Extracted records:
►

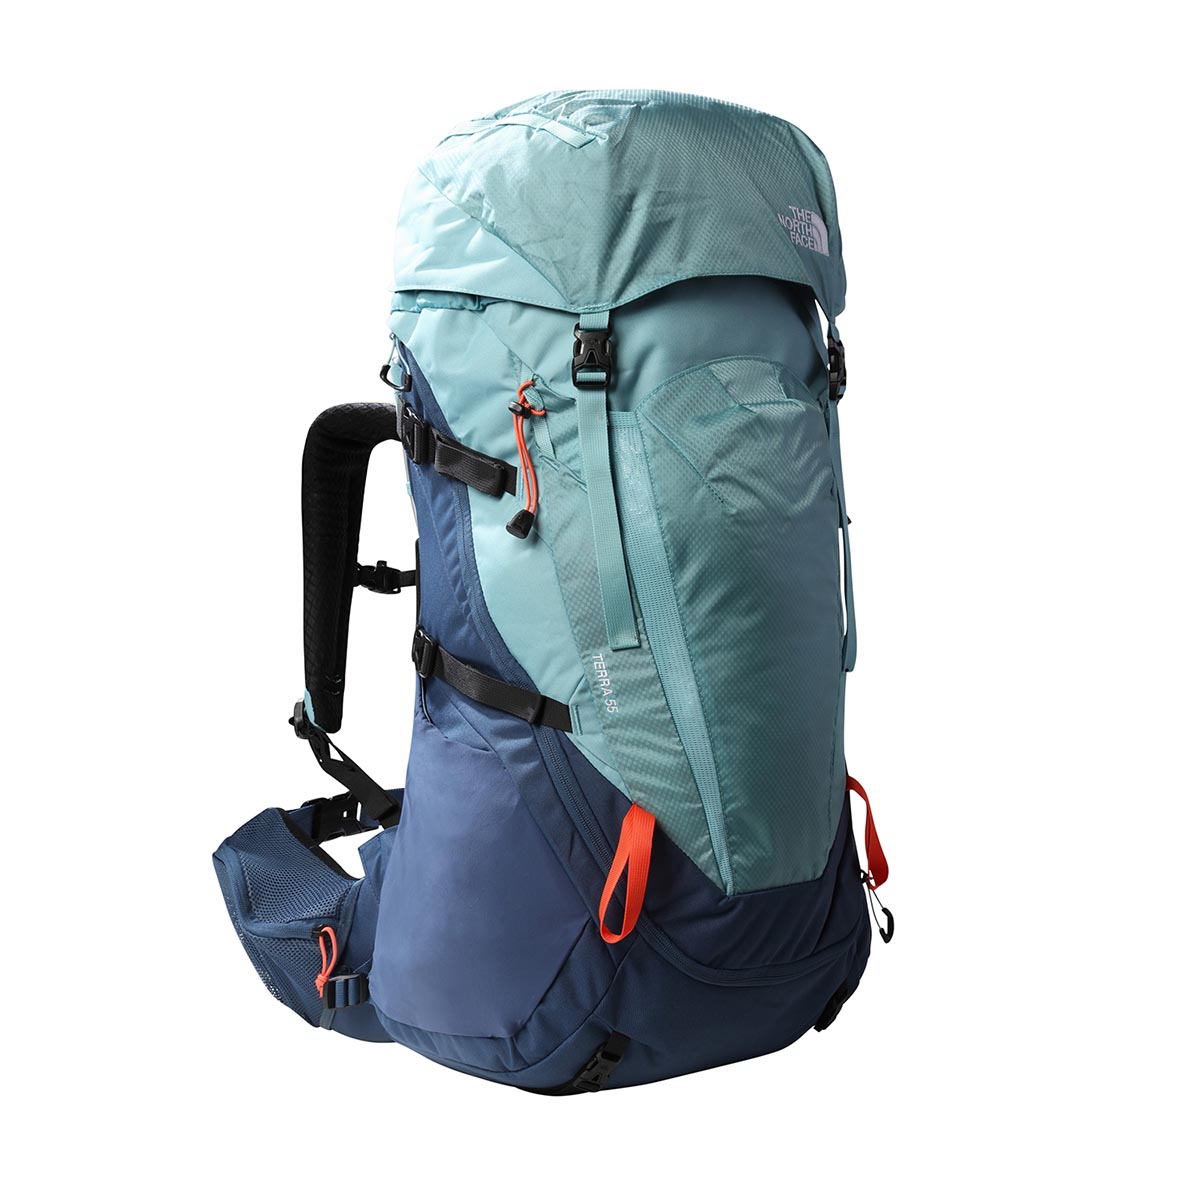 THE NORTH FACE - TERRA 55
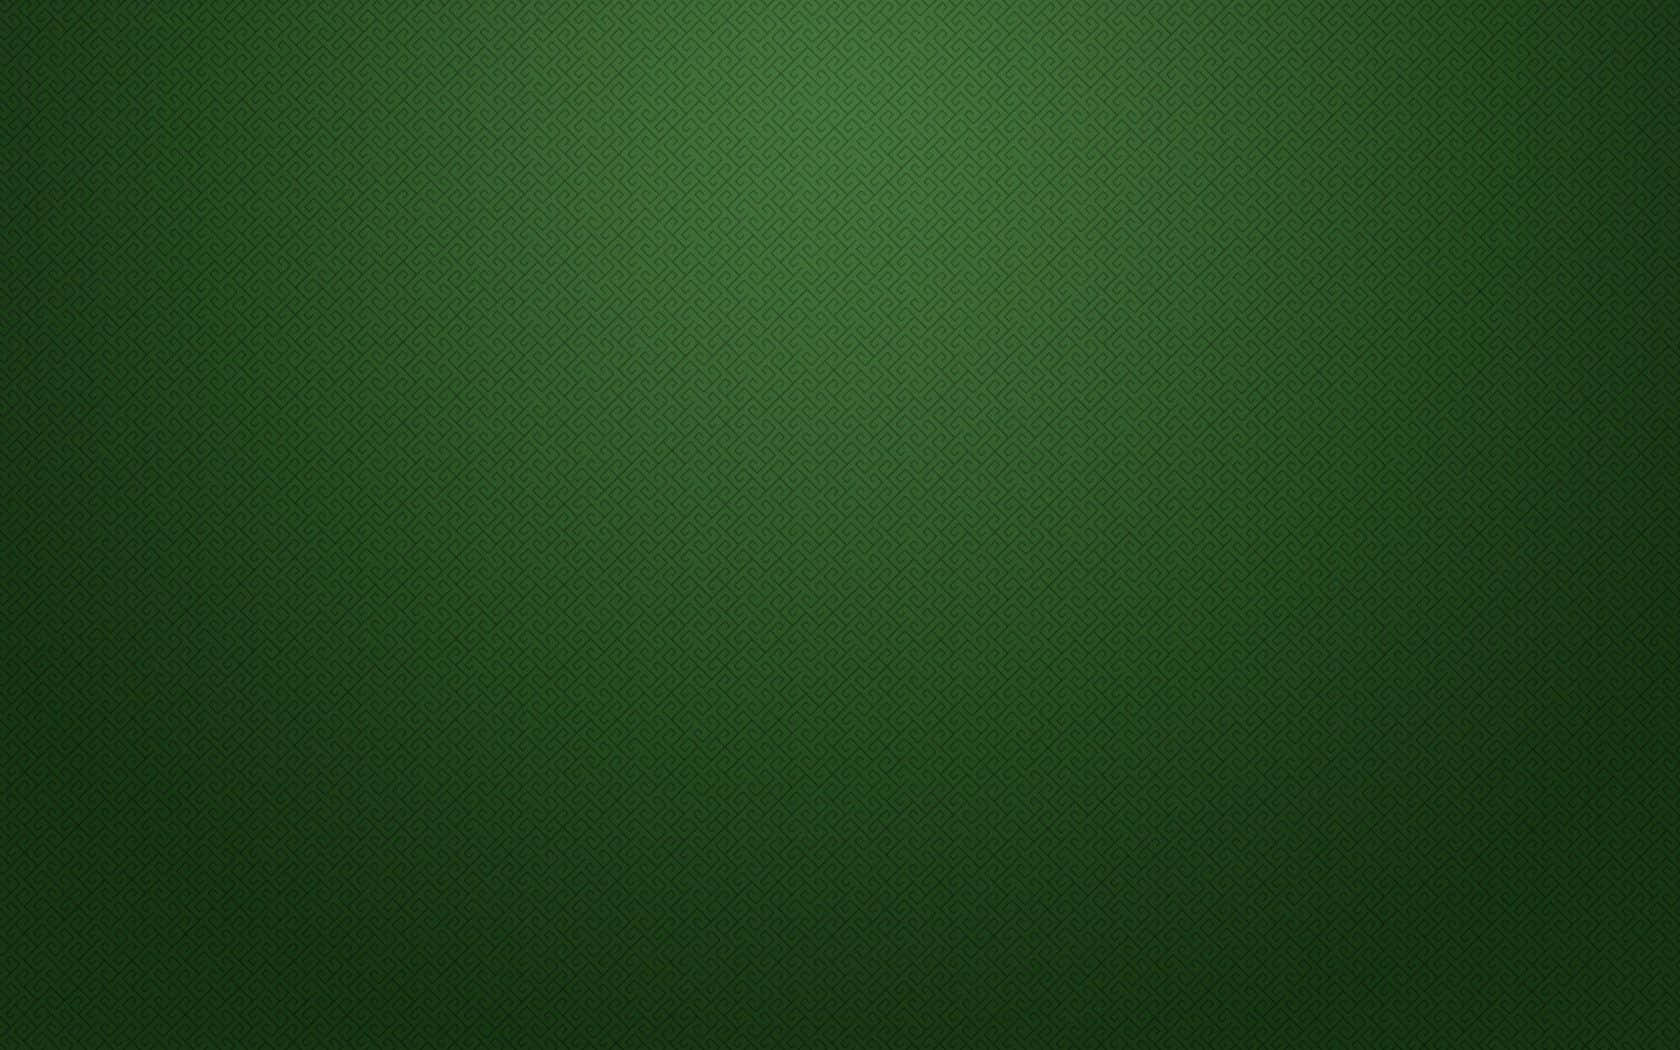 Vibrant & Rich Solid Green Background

◄
►

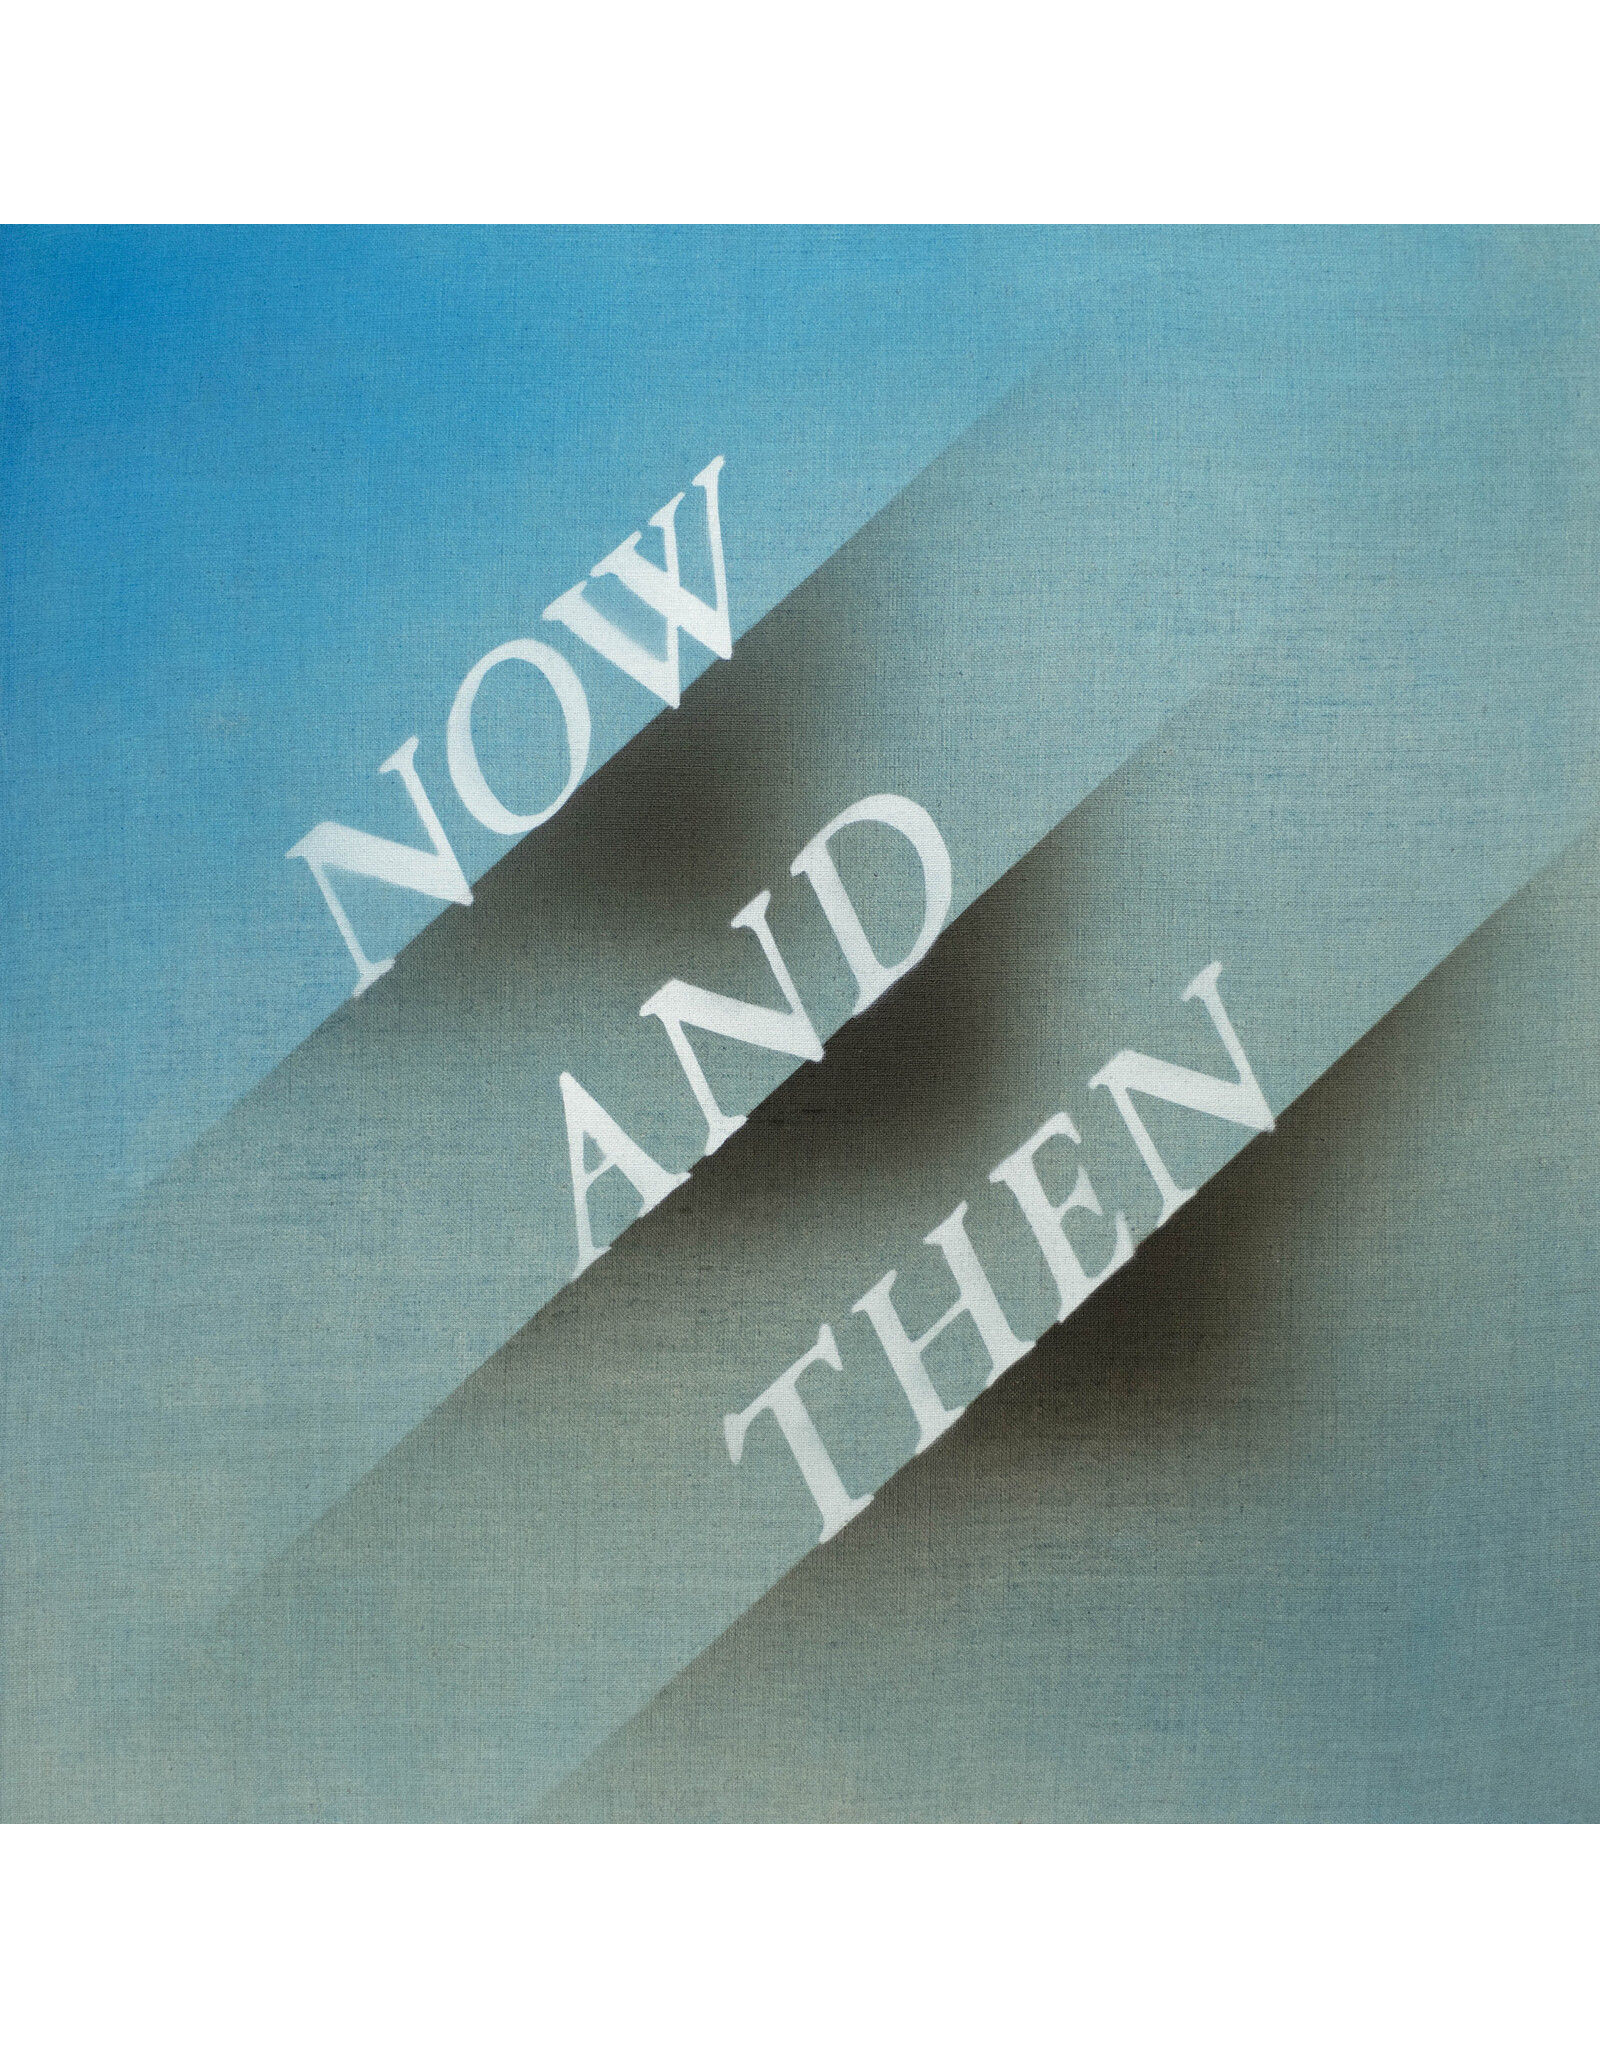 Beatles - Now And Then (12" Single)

◄
►

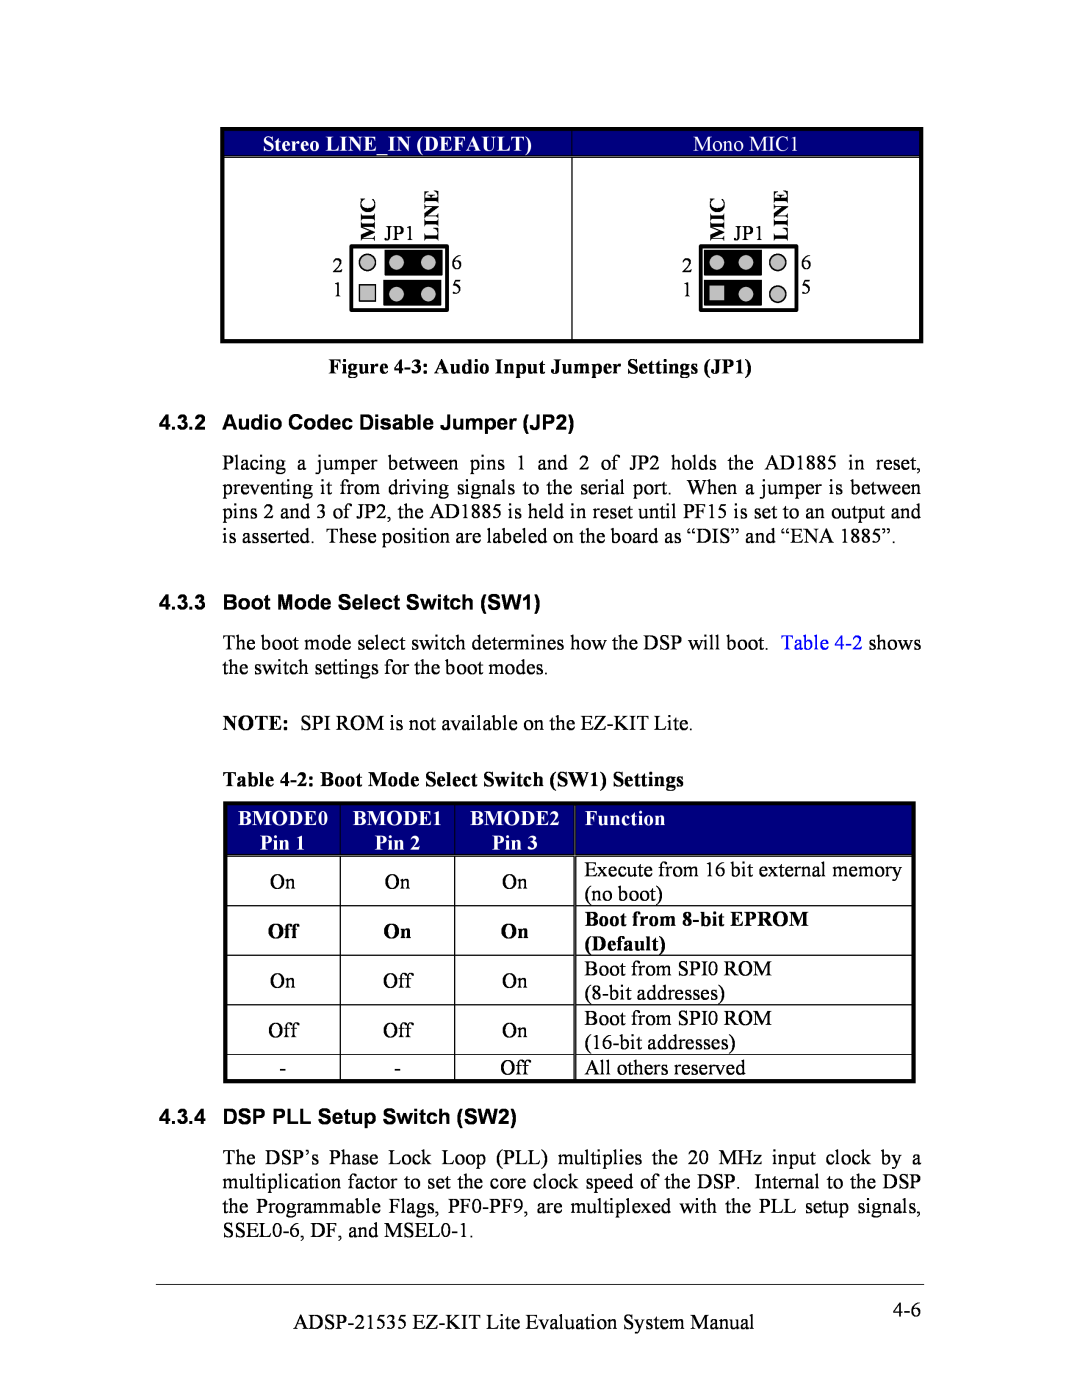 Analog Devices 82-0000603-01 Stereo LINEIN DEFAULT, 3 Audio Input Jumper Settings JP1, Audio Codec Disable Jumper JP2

◄

What you return must match the lines above from the one with "THE NORTH FACE - TERRA 55" through the one with "Vibrant & Rich Solid Green Background" exactly, with both ends included and the pictures excluded.

Answer section:
 THE NORTH FACE - TERRA 55
 Vibrant & Rich Solid Green Background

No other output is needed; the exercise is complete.